- The Washington Times - Friday, June 30, 2017

President Donald Trump has offered a lot of positives for this country so far — an America-first mantra that’s set global leaders on notice; a common-sense approach to environmentalism that’s set the rabid green groups on notice; a hard-charging military leadership that’s set the world’s terrorists on notice. Yada, yada. The list continues.

But nothing matches his border-control vows that culminated with the House passage of two bills on sanctuary cities.

This tops, so far, on the Trump administration’s priority-turned-policy list. This is a policy feat of huge and historical proportions.

Sanctuary cities ought to be shot — figuratively speaking, of course. The governments that blindly, blithely and egregiously offer shelter from the deportation storm from illegals, and from illegals with even felony criminal backgrounds, are collective slaps in the faces to all U.S. citizens, and particularly to the faces of the families of those victims who’ve been harmed by the recipients of the sanctuary policies.

Think Kate Steinle, the San Francisco woman who was gunned down in 2015 in broad daylight at the age of 32 as she walked on a pier with her father. The perpetrator? None other than an illegal with a multi-felony background who’d been previously deported several times — and who’d been in the city that fateful day taking full advantage of the city’s generous sanctuary status.

Trump rallied a whole base off this horrific killing. It’s the incident that shaped his campaign rhetoric, his campaign vows to tighten the borders — to go after sanctuary cities and strip these houses of liberal law of federal money.

And now the House has moved.

Kate’s Law and the No Sanctuary for Criminals Act are common-sense immigration bills that should draw political support from both sides. But they don’t. Mostly, Republicans voted yes, and Democrats no.

“MAKE AMERICA SAFE AGAIN!” was Trump’s tweet on the bills’ passage — and he’s quite right.

The bills simply mandate harsher prison sentences on those illegals who commit crimes — crimes above and beyond their illegal border crossings, that is — and bars sanctuary cities from receiving federal dollars. It also, most happily, hands the victims of crimes committed by illegals in sanctuary cities the power and authority to sue these local governments for liability.

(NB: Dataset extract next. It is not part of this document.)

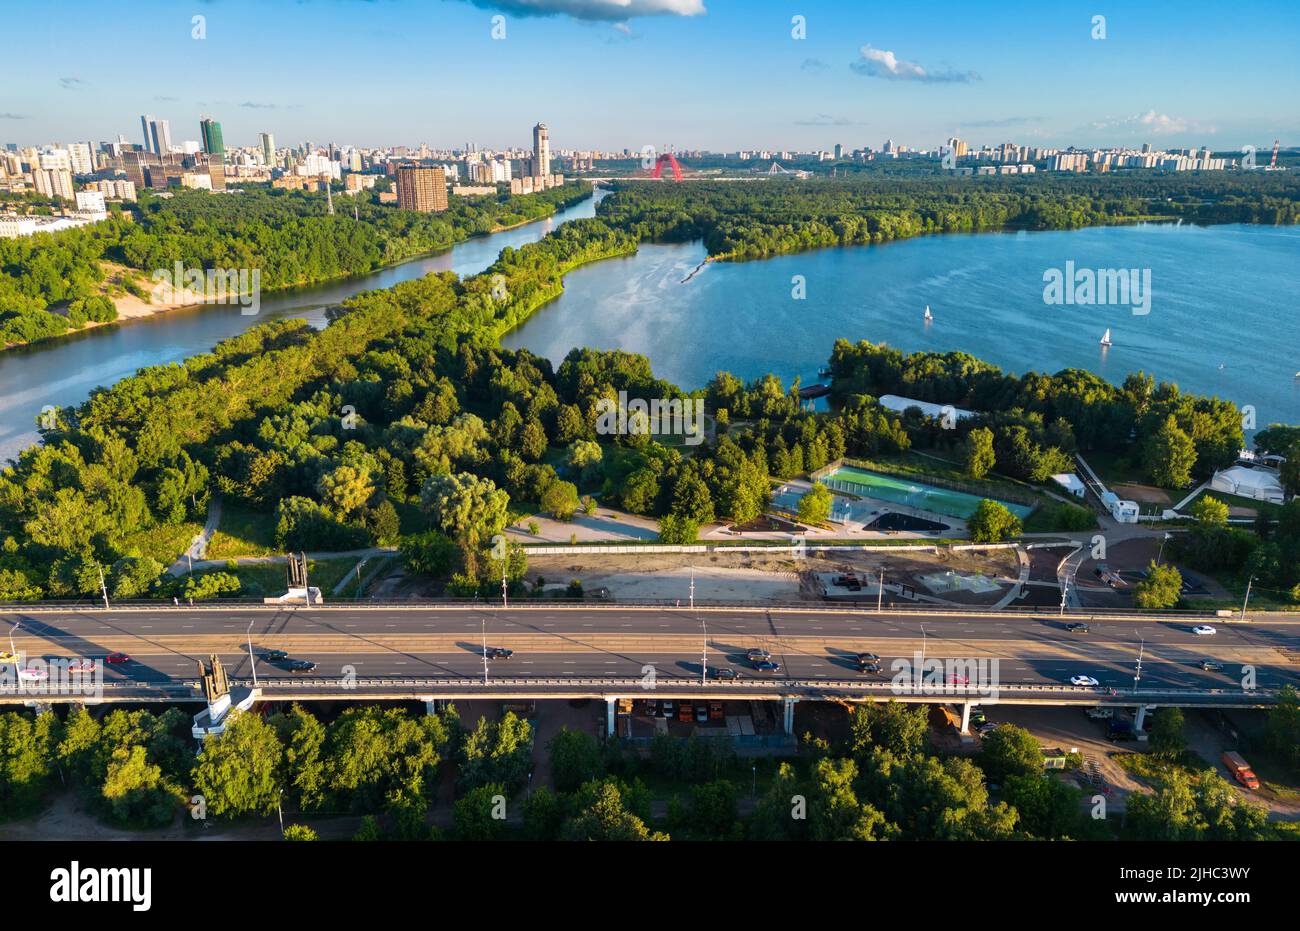 Moscou vue, Russie. Vue panoramique aérienne sur la rivière Moskva, la baie et le parc dans le quartier de Schukino. Paysage de la route du pont de Strroginsky, beau paysage de Mosco Banque D'Images

Accountability — imagine that. No wonder liberals are already howling and gearing to protest and sue. They’re just not used to being held accountable for amnesty policies that put citizens’ health, welfare, safety, security and lives in harm’s way.

They’re used to declaring from afar, then ducking and dodging when someone gets hurt.

“President Trump has been clear that our borders are not open to illegal immigration, that we are a nation of laws,” said Homeland Security Secretary John Kelly, announcing the bills. “Well, we will no longer look the other way in the interior, either.”

And all the law-and-order people go — hurrah.

Truly, if Trump accomplishes little else, the fact that he’s clamping down on the evils of sanctuary cities — on the evils of safeguarding and protecting criminals at the expense of innocent and law-abiding citizens — solidifies his place in history as a president of great esteem. The two-year anniversary of Steinle’s murder is this Saturday. There’s really not a better way to honor her memory by getting these law-and-order bills in the hands of Trump to sign, and putting an end to the horrendous politically partisan practice of giving illegals free passes for crimes they commit. As Trump, and others of like-minded, law-and-order mind recognize: The security of our nation and the safety of its people depends on it.